En el ideario colombiano, la democracia desde hace dos siglos es el régimen innato del país. Ha sido, salvo contados interludios aborrecidos, su manera de gobernarse. Se regó por todo el territorio nacional con las Juntas Gobierno desde la temprana Independencia. La inspiración se recibió de la Ilustración y de la independencia norteamericanas, cuando revivieron la idea ateniense de gobierno, dormida por milenios. La democracia puede ser, para algunos, una aspiración universal, pero instalarla con raíces es una práctica cultural.
Nada de democracia en tiempos de don Sancho Jimeno, el héroe de Bocachica en 1697. El poder y la justicia eran del rey por derecho divino y no se dudaba, o sea el régimen monárquico, que es el único otro que Colombia ha conocido. Como alternativa de gobierno, el país lleva dos pacientes siglos modelándola al temperamento de los colombianos, y preservando una característica fundamental: el poder se otorga por los resultados en las urnas (con o sin trampa). Es lo que único que da legitimidad. Y todo esto mientras se desprecia a los políticos y no se le tiene confianza al gobierno, lo cual desemboca en incredulidad y dependencia.
Los retos para la supervivencia de la democracia, como la vive Colombia, surgen no solo de otras ideologías. El mayor desafío en realidad viene de adentro, de los ciudadanos mismos (sin descartar que los desafíos ideológicos también abreven en la misma fuente).
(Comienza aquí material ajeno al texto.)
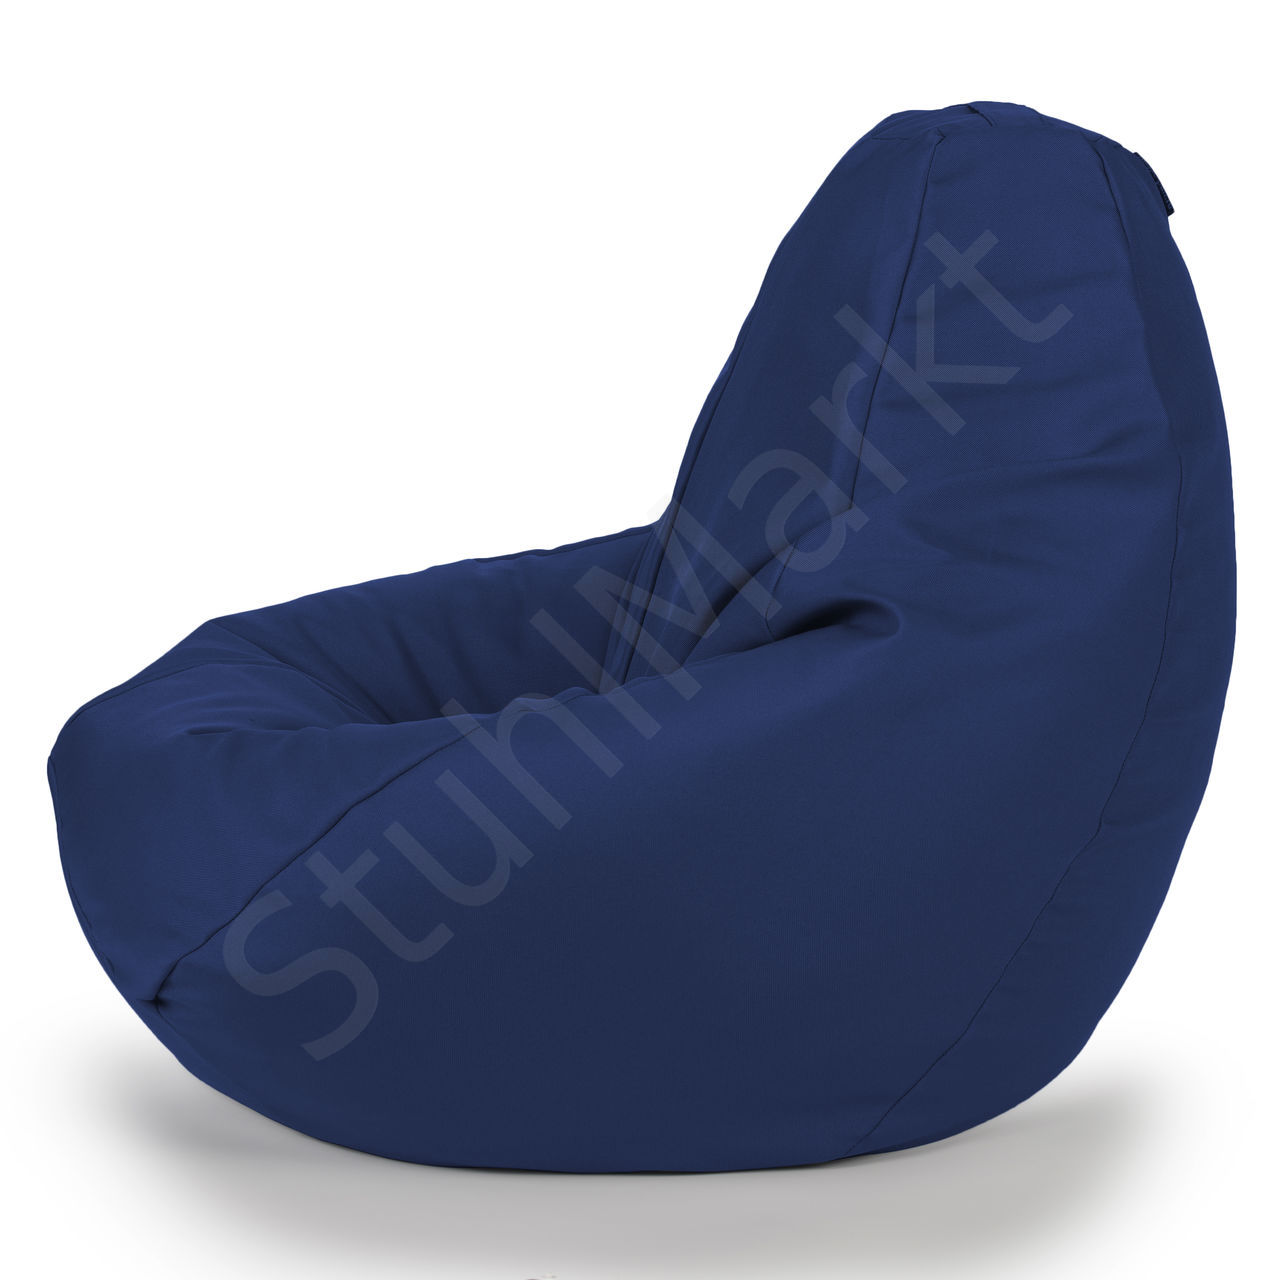  Бескаркасное кресло-мешок Mira Blue XL 6772
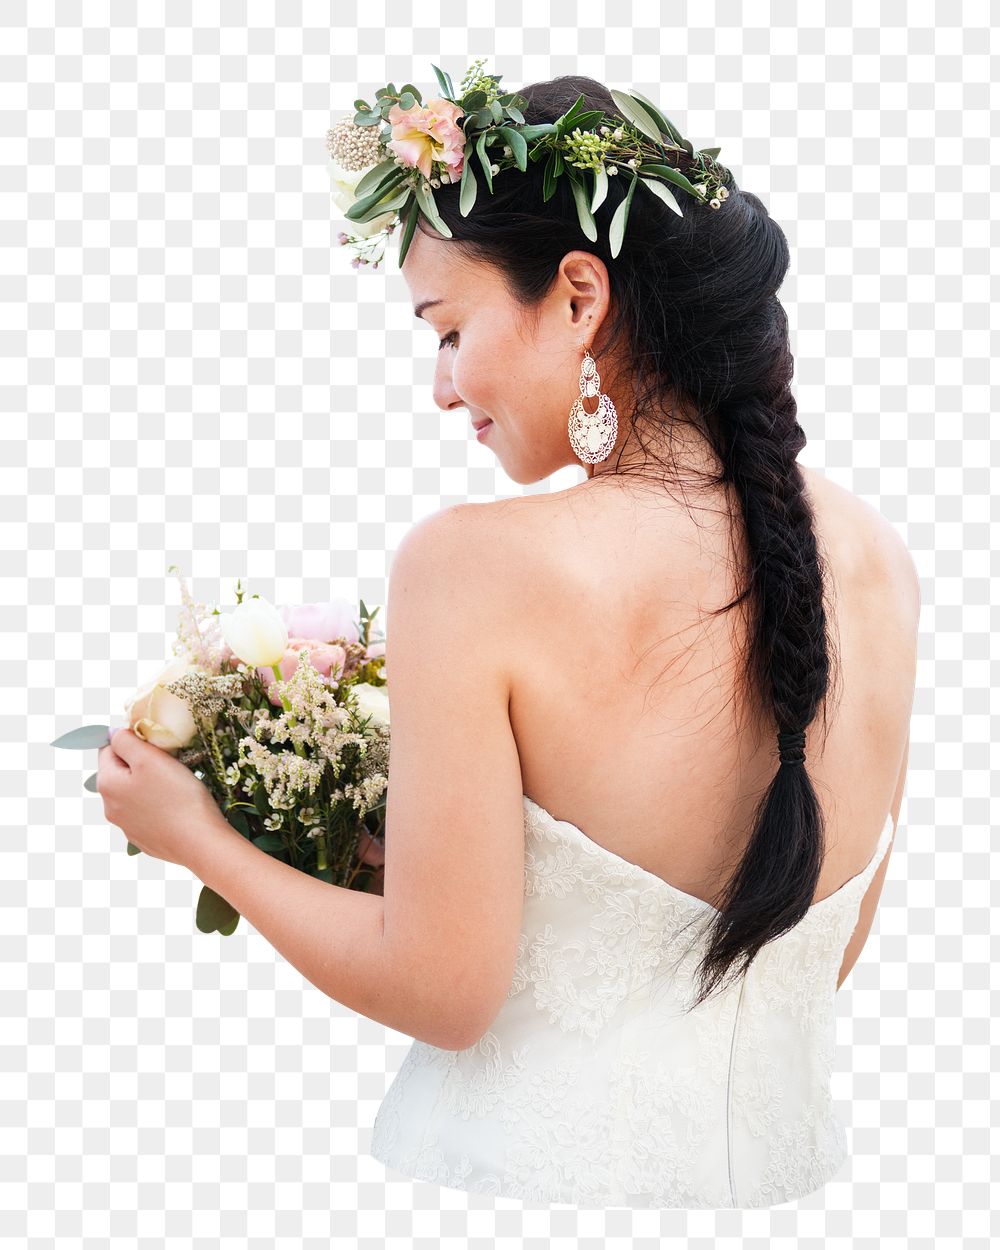 Beautiful bride png sticker, transparent background

Plato lo predijo cuando filosofó que en una democracia los ciudadanos querrían gozar del día a día, por encima de toda otra consideración.
El gobierno otorga subsidios a un número creciente de grupos de población, con la excusa de que para eso lo eligieron, pero es con fines electorales, e invierte (o deja invertir) cada vez menos en infraestructura. Atendiendo la dinámica interna de las democracias y para complacer esas apetencias, Colombia se dirige hacia su más grande déficit estructural y su más grande deuda (con descarte de la regla fiscal), con el fin de repartir beneficios a diestra y siniestra (y de paso ganar elecciones).
Ahora se está en una encrucijada aún más desorientadora, Petro es un presidente que no cree en la democracia. No ha habido otro que la menosprecie tanto desde los tiempos de Tomás Cipriano de Mosquera. La afirmación no es para debatir: Petro no cree en algo que es de su esencia: controles y contrapesos. Intenta y sueña con removerlos.
Hasta ahora las instituciones dan la pelea, pero él va al asalto. Controles y contrapesos son, con el veredicto de urna, de la esencia de la democracia colombiana. Si líderes electos tratan de eliminarlos a nombre de sus mayorías es señal de alarma. Lo que no quiere decir que no se le reconozcan problemas estructurales a la democracia. O que la mayoría no piense que hay mucho por corregir. Pero modificar para mejorarla, señor Petro, es una cosa, abandonarla es otra. ¡Ni se lo sueñe! Como desde hace 200 años, está aquí para quedarse.